Dans le jargon des télécommunications, ce vocable désigne une téléconférence permettant, en plus de la transmission de la parole et de documents graphiques, la transmission d'images animées des participants éloignés.

Cette avancée, permettant aux sociétés de s'adapter à l'évolution des technologies, est appréciable. Toutefois, le recours à la visioconférence suppose la mise en place d'un équipement audiovisuel complexe et coûteux. S'il pourra être adopté sans difficulté par les grandes entreprises, il n'est pas certain qu'il en ira de même pour celles de taille plus modeste.

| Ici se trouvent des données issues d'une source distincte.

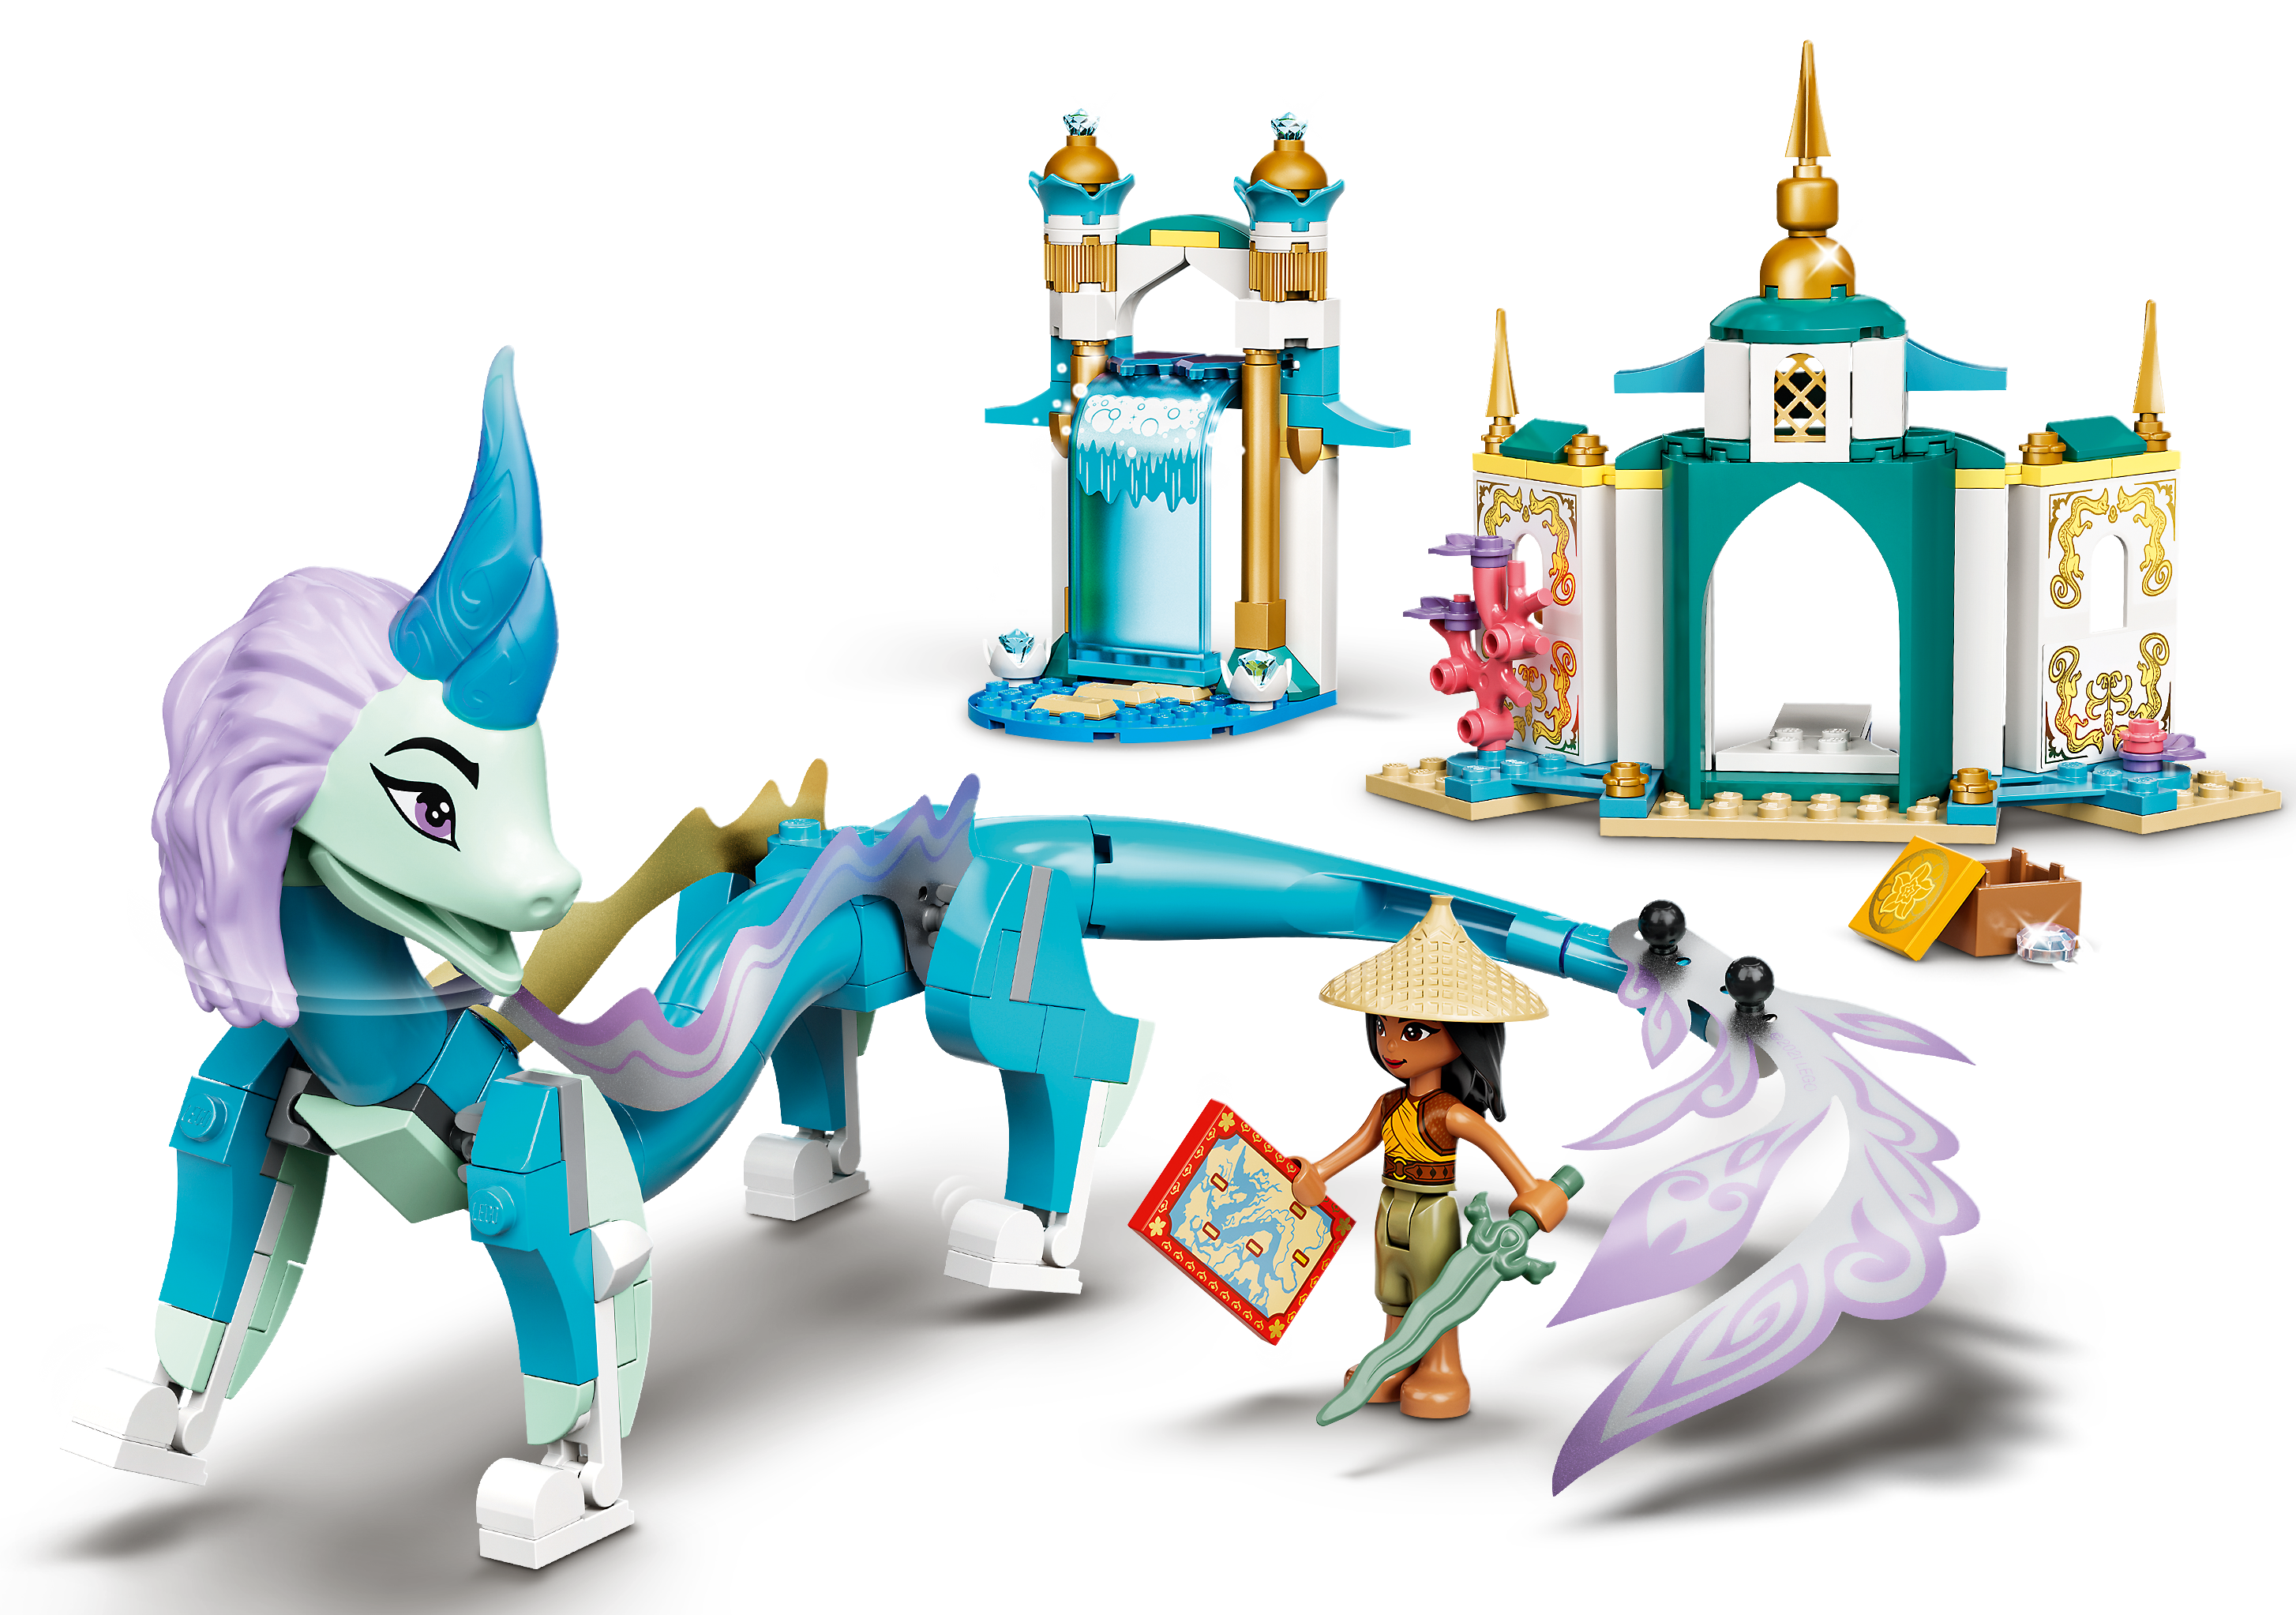 Lego raya and the last dragon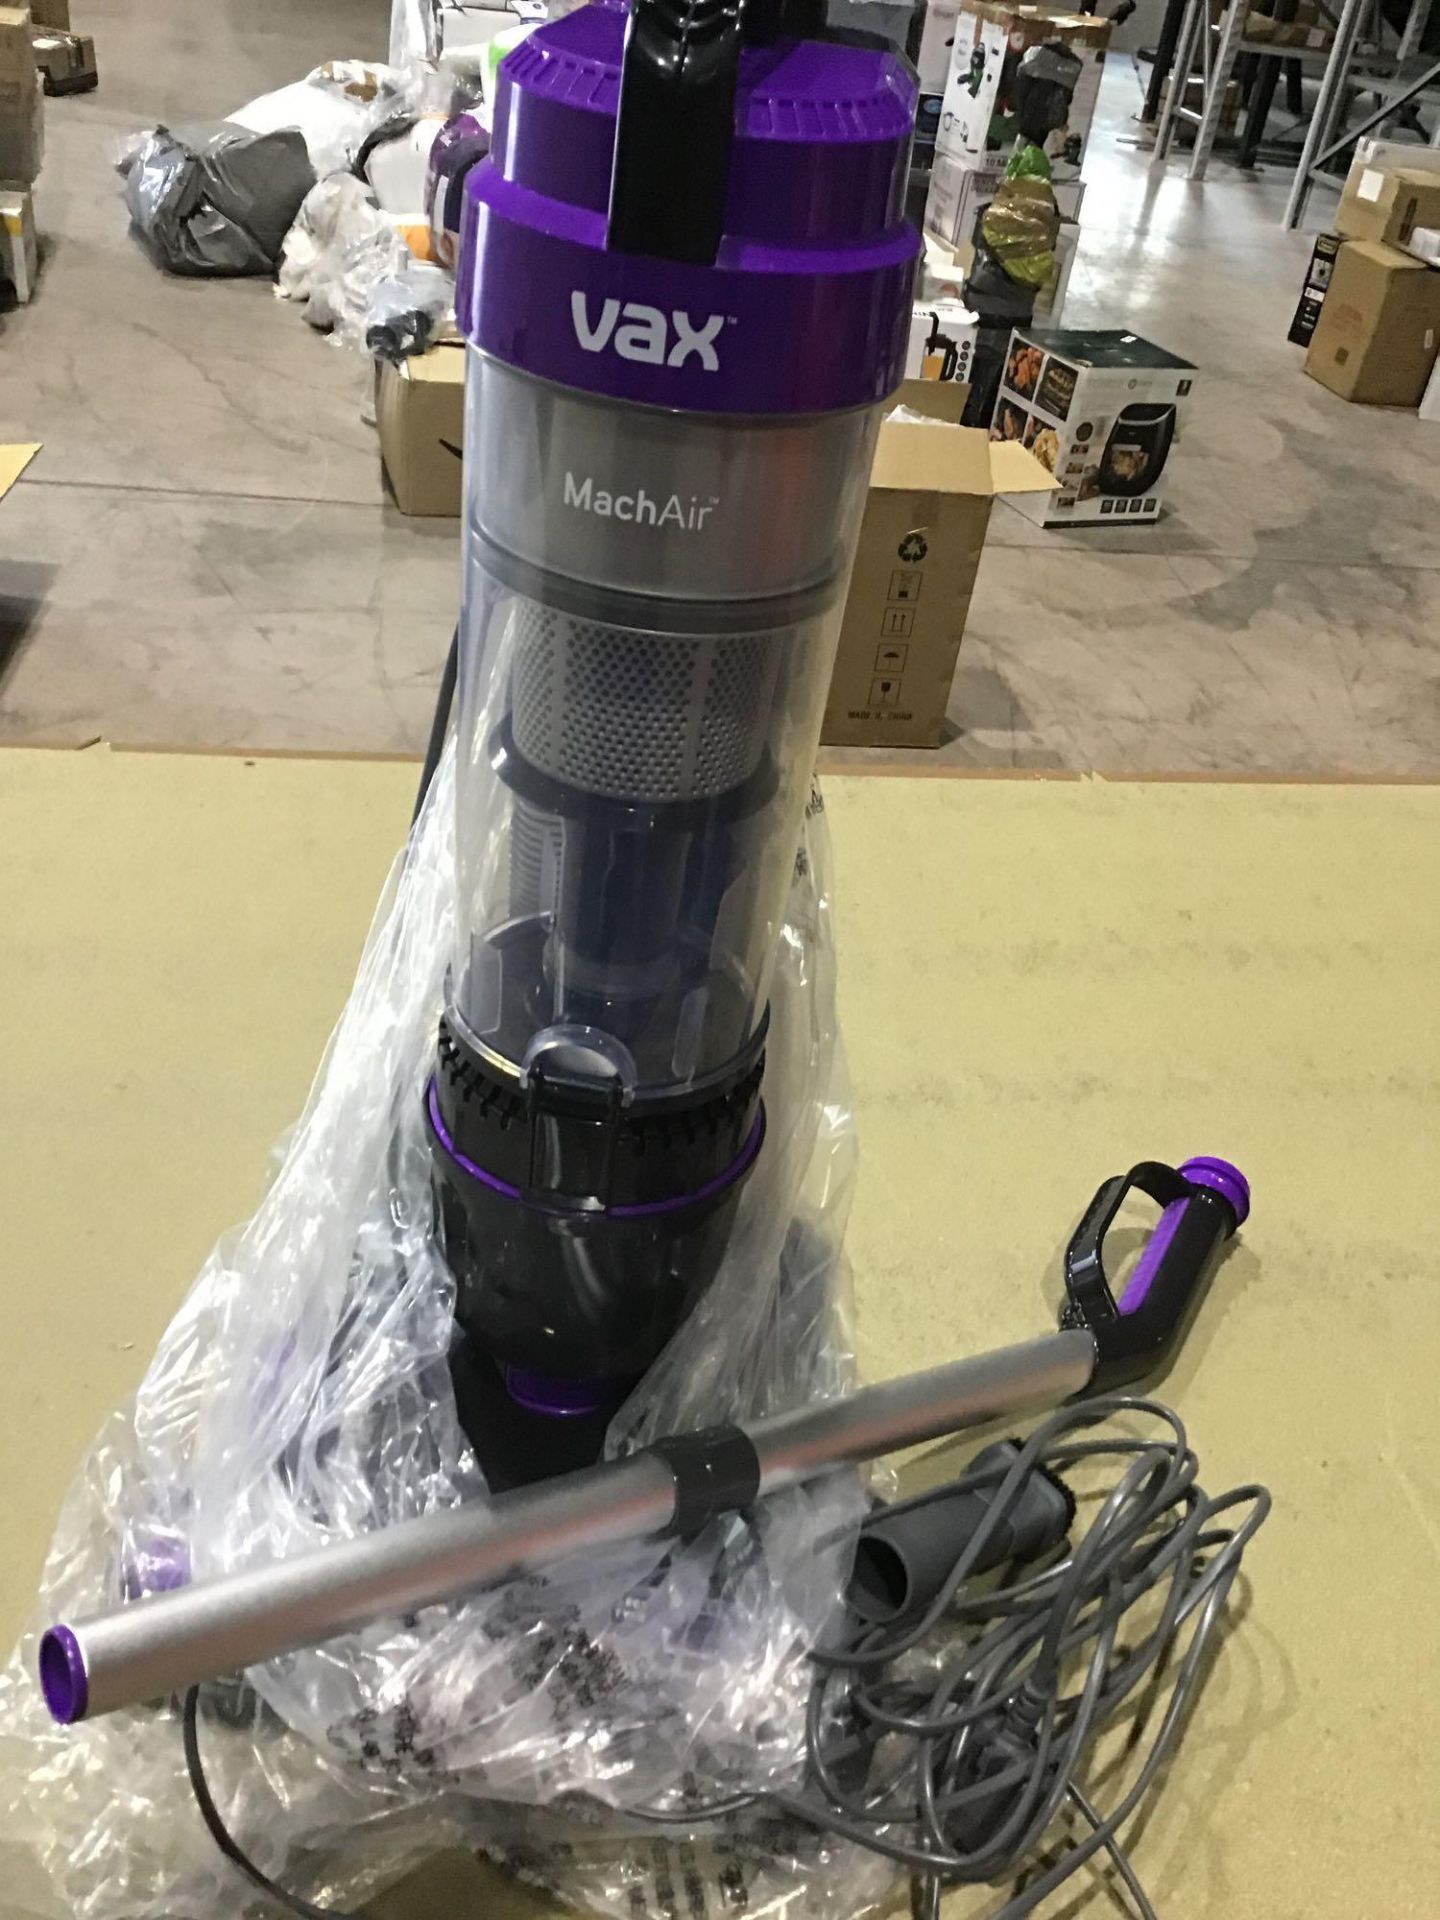 Vax Mach Air Upright Vacuum Cleaner, 1.5 Liters, Purple £79.99 RRP - Image 2 of 4

Le législateur communautaire a donc remédié à cette difficulté en prévoyant la possibilité de recourir à des moyens plus simples et plus abordables, tout en les encadrant.

- D'autres moyens de télécommunication

L'alinéa 2 de l'article 454-1 mérite d'être reproduit in extenso : « Afin de garantir l'identification et la participation effective à la réunion du conseil des administrateurs y participant par des moyens de télécommunication, ces moyens transmettent au moins la voix des participants et satisfont à des caractéristiques techniques permettant la retransmission continue et simultanée des délibérations. »

Afin de sécuriser les délibérations, le législateur OHADA soumet la validité de ces procédés à deux conditions :

- La transmission, au minimum, de la voix des participants.

- La retransmission continue et simultanée des délibérations.

La 1ère condition ne présente pas de difficulté quant à son interprétation. Elle fait référence à deux procédés qui permettent d'entendre la voix des participants et garantissent ainsi leur identification : le téléphone ou la conférence téléphonique, cette dernière technique renforçant la collégialité des débats.

En revanche, il semble que les rédacteurs du texte, en utilisant le terme « télécommunication » plutôt que « télétransmission » aient voulu écarter le recours à l'Internet ou à d'autres moyens de communication plus sophistiqués qui, par définition, ne retransmettent pas la voix.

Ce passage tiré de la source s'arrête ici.